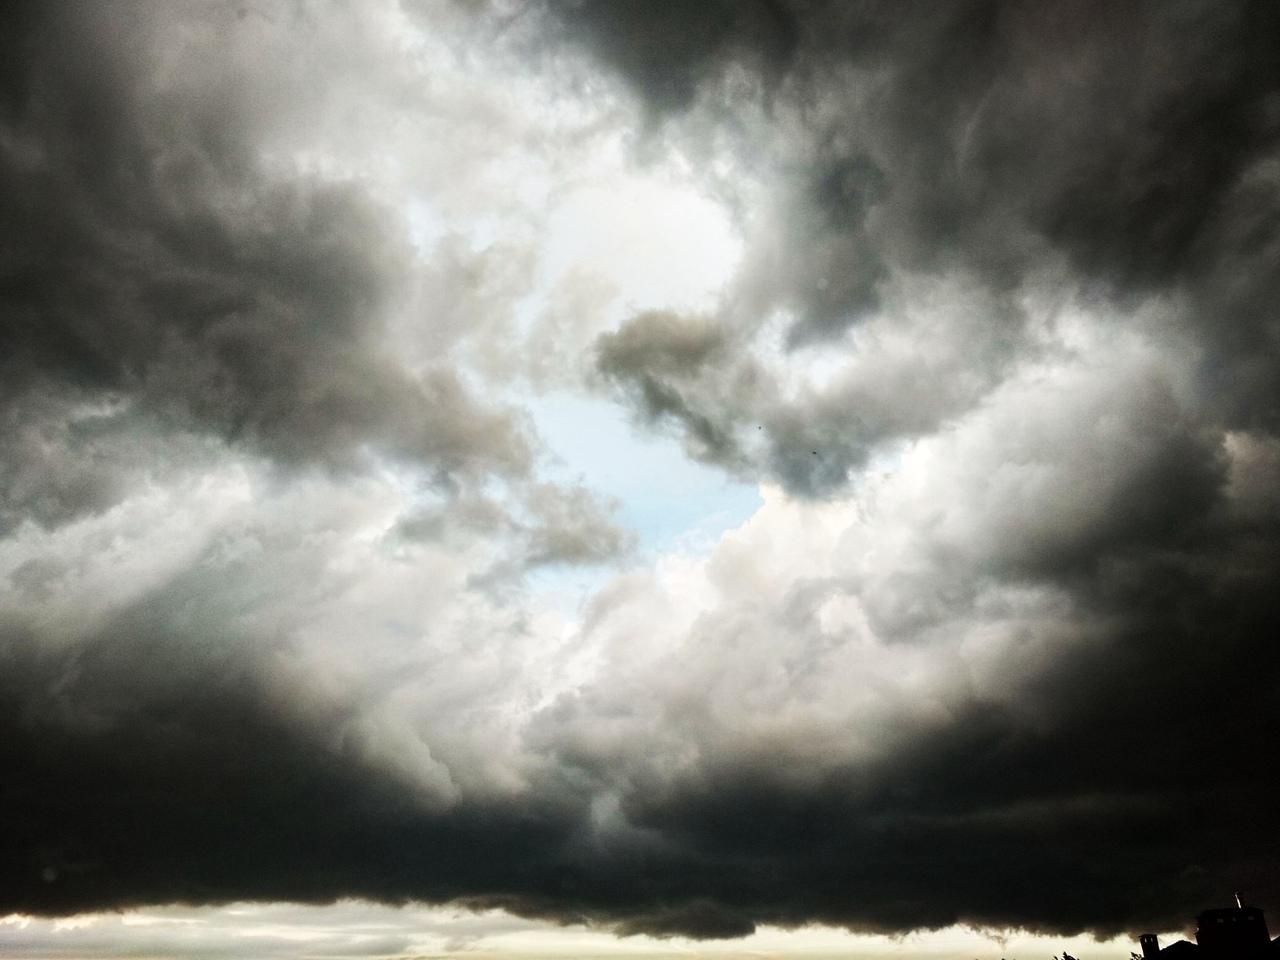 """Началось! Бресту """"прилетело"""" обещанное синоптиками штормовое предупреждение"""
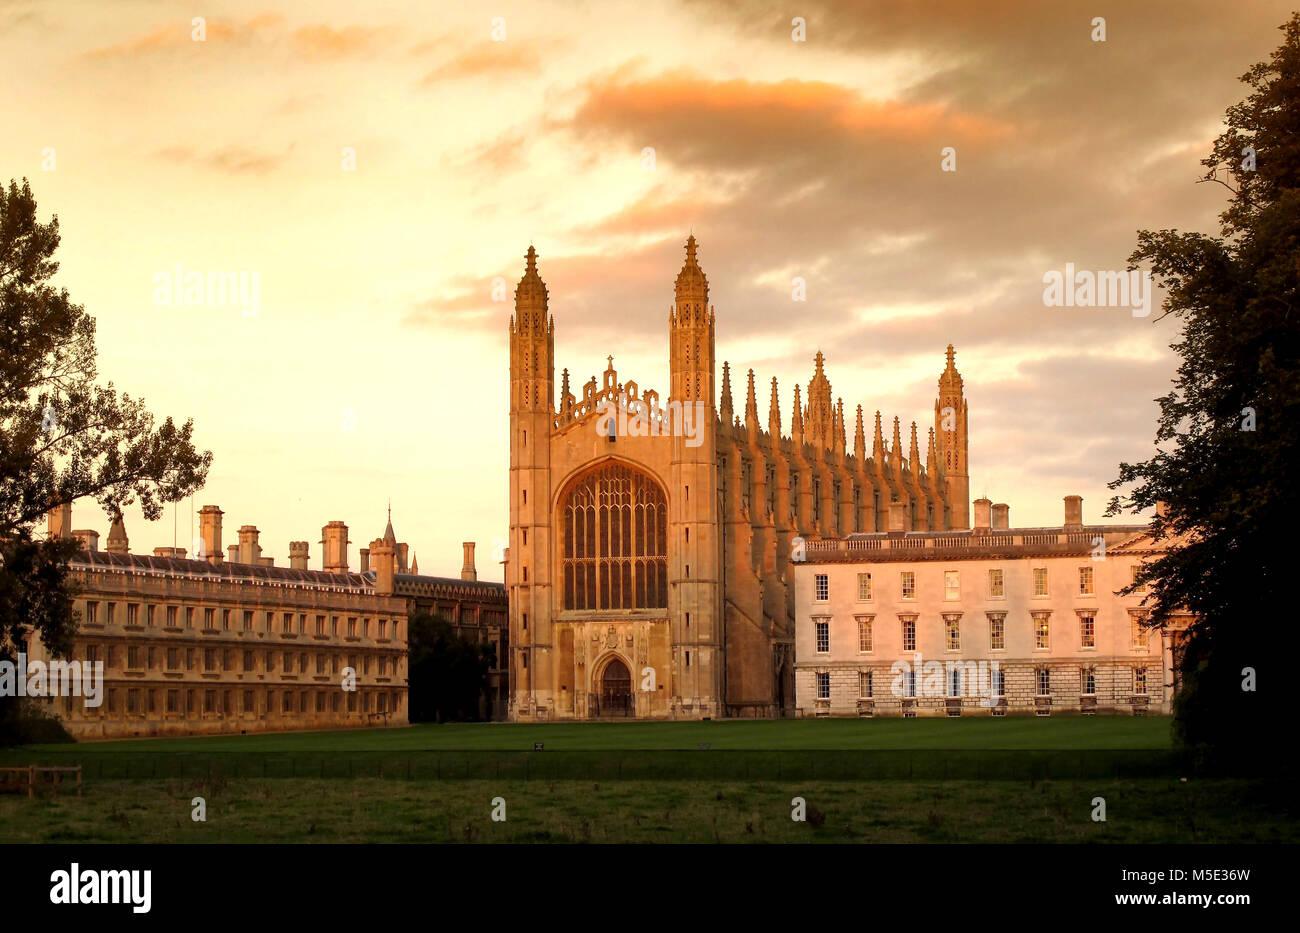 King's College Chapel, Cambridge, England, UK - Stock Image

==

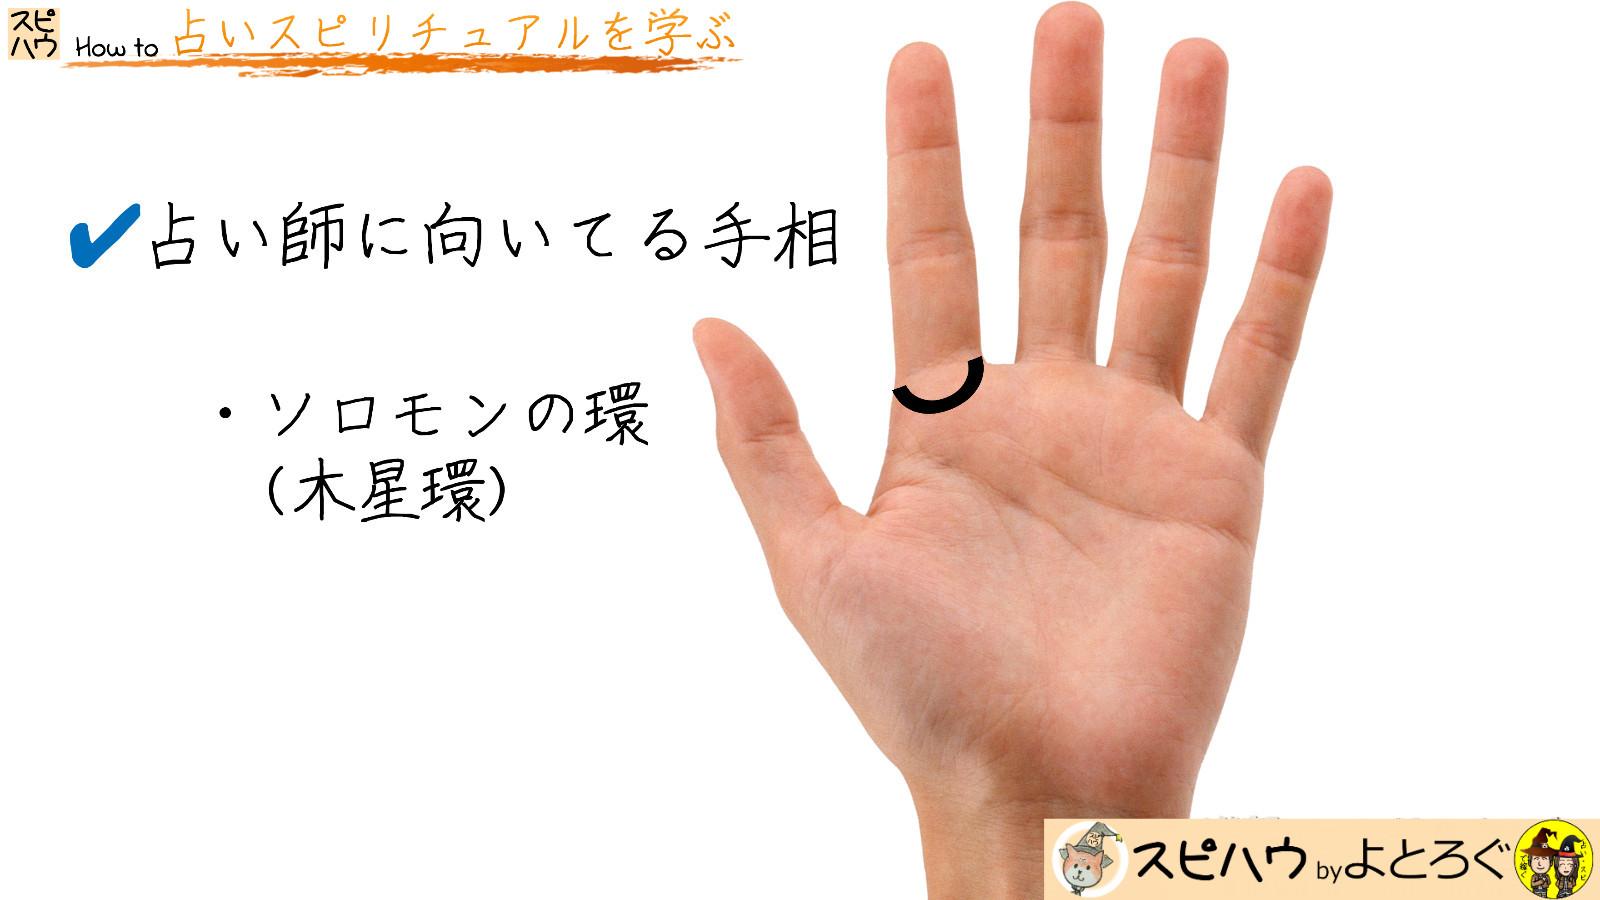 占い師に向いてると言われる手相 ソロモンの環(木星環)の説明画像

--

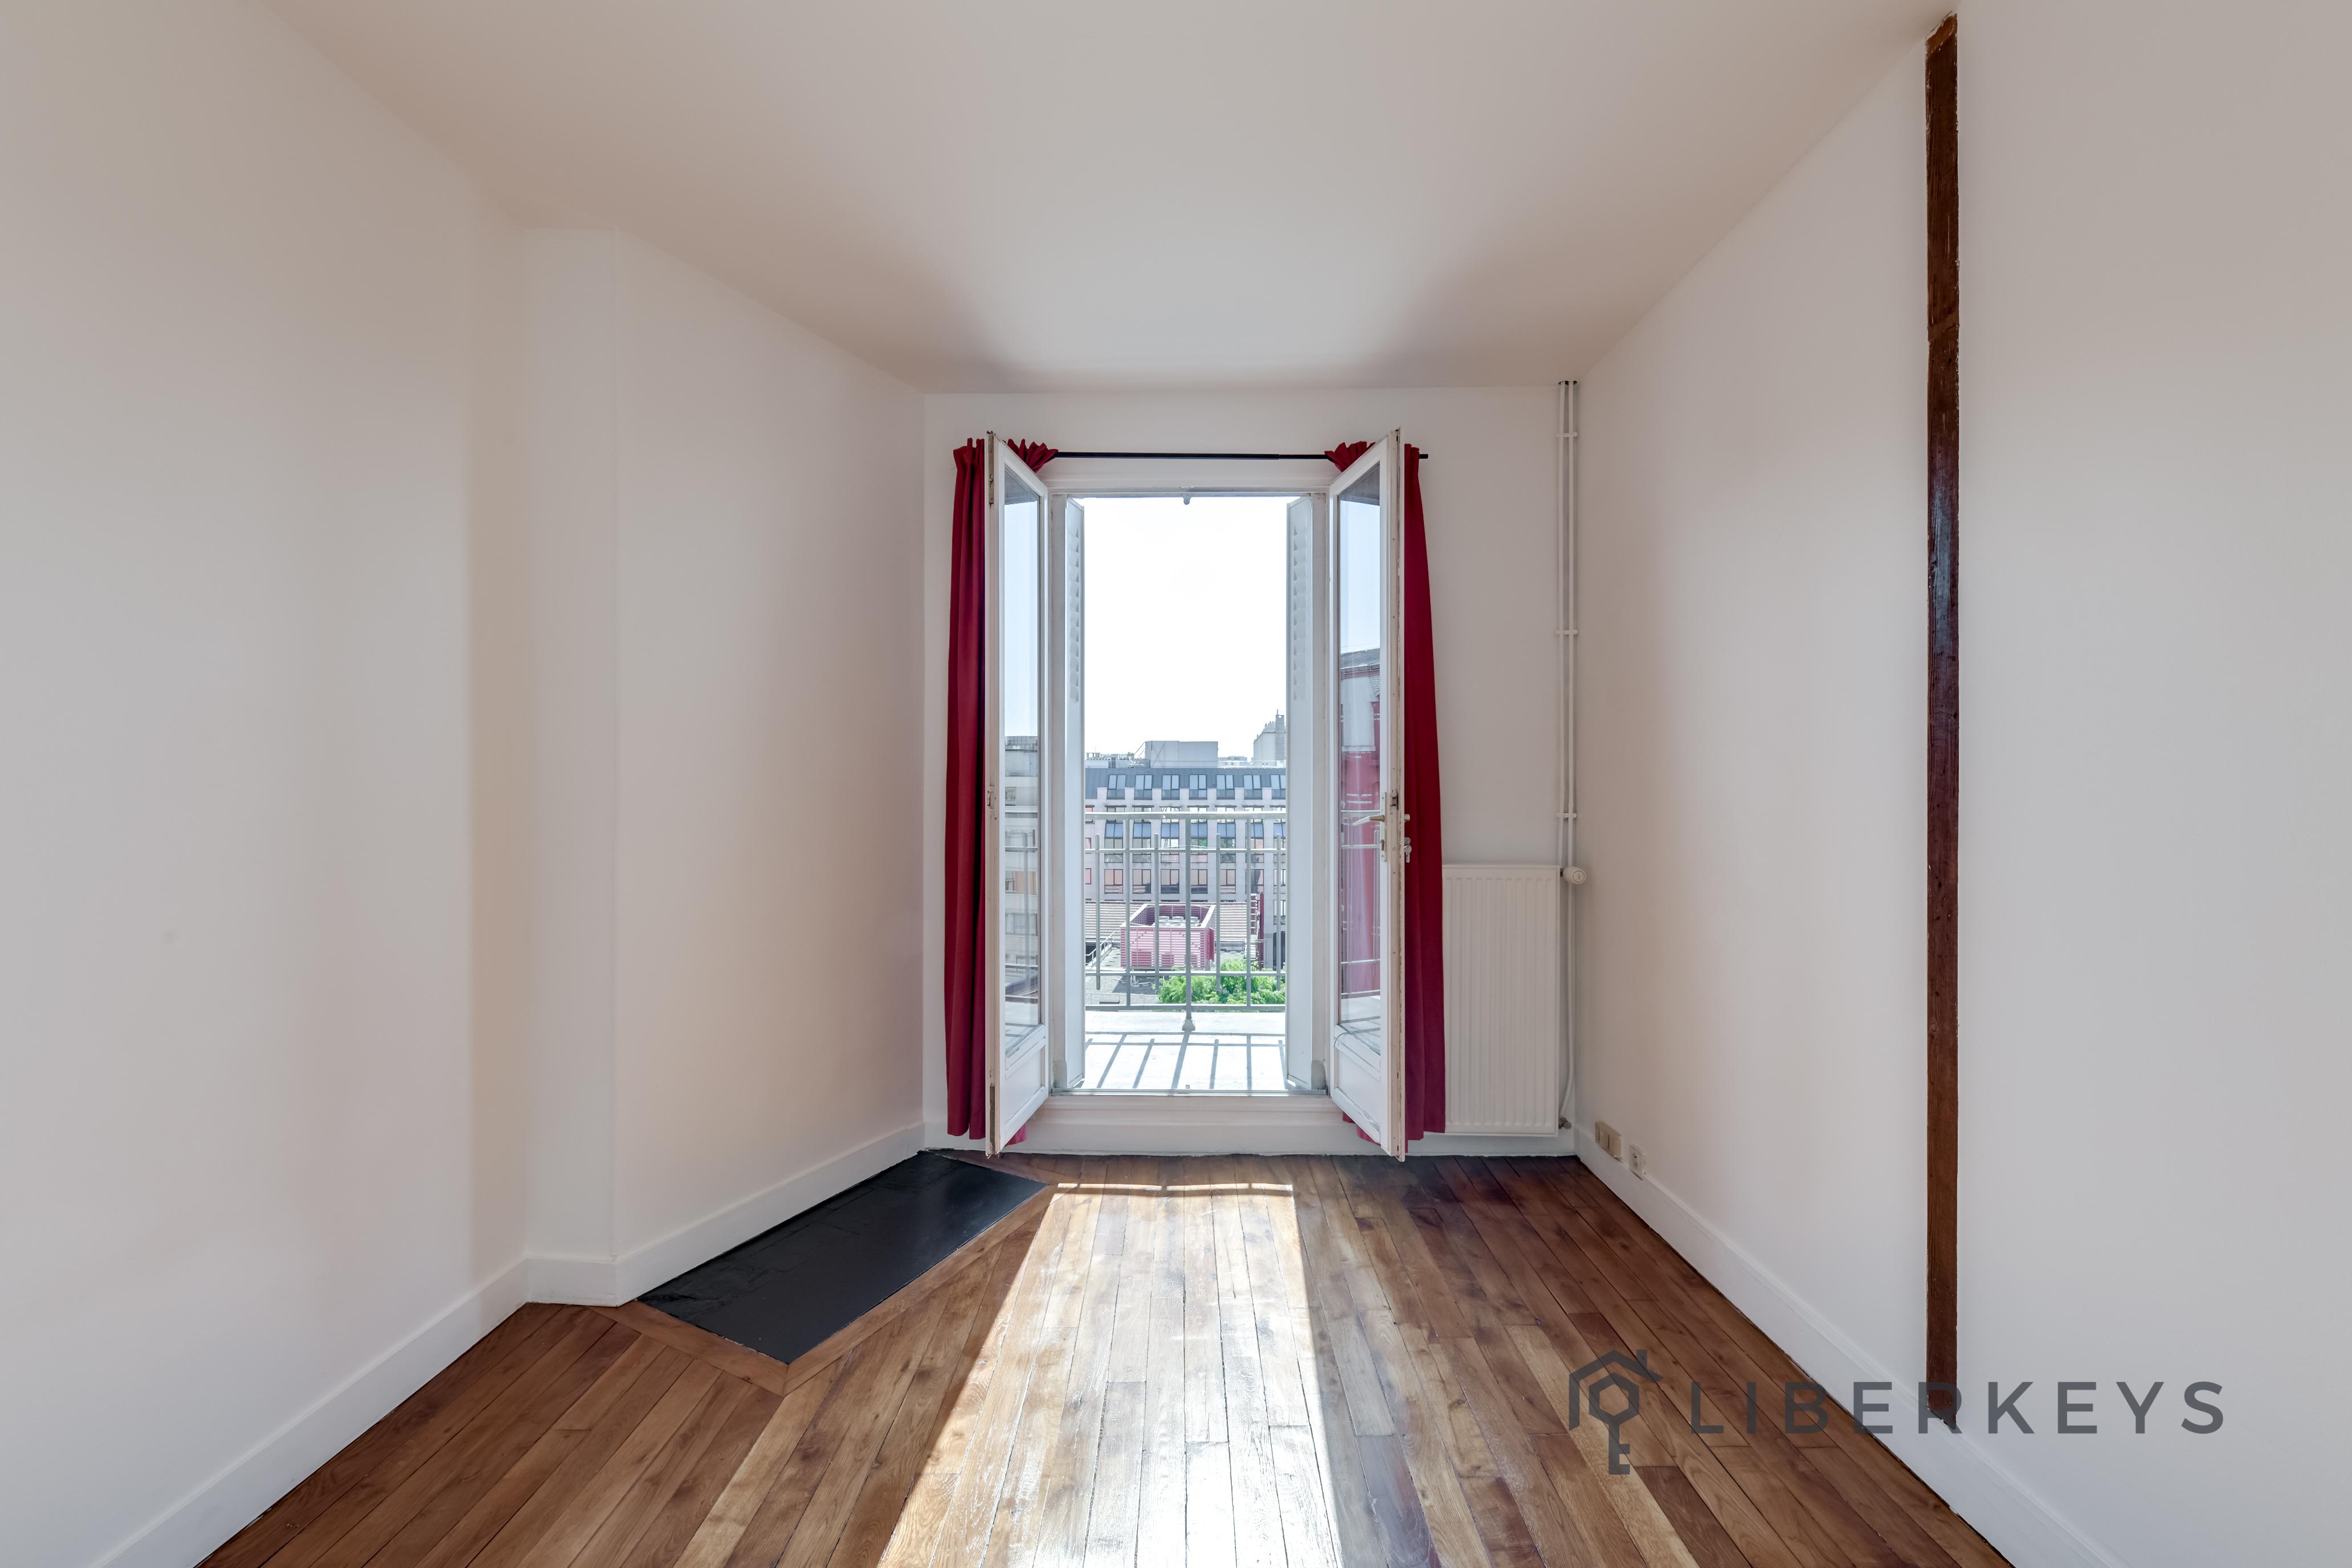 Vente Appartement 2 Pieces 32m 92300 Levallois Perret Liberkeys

• **Your assignment**: Range to print from the listing above: from the line with "обещанное синоптиками штормовое" up to and including the line with "King's College Chapel, Cambridge, England, UK". Please print those lines exactly, with no pictures and nothing more.

• **Response area**:
 """Началось! Бресту """"прилетело"""" обещанное синоптиками штормовое предупреждение"""
 King's College Chapel, Cambridge, England, UK - Stock Image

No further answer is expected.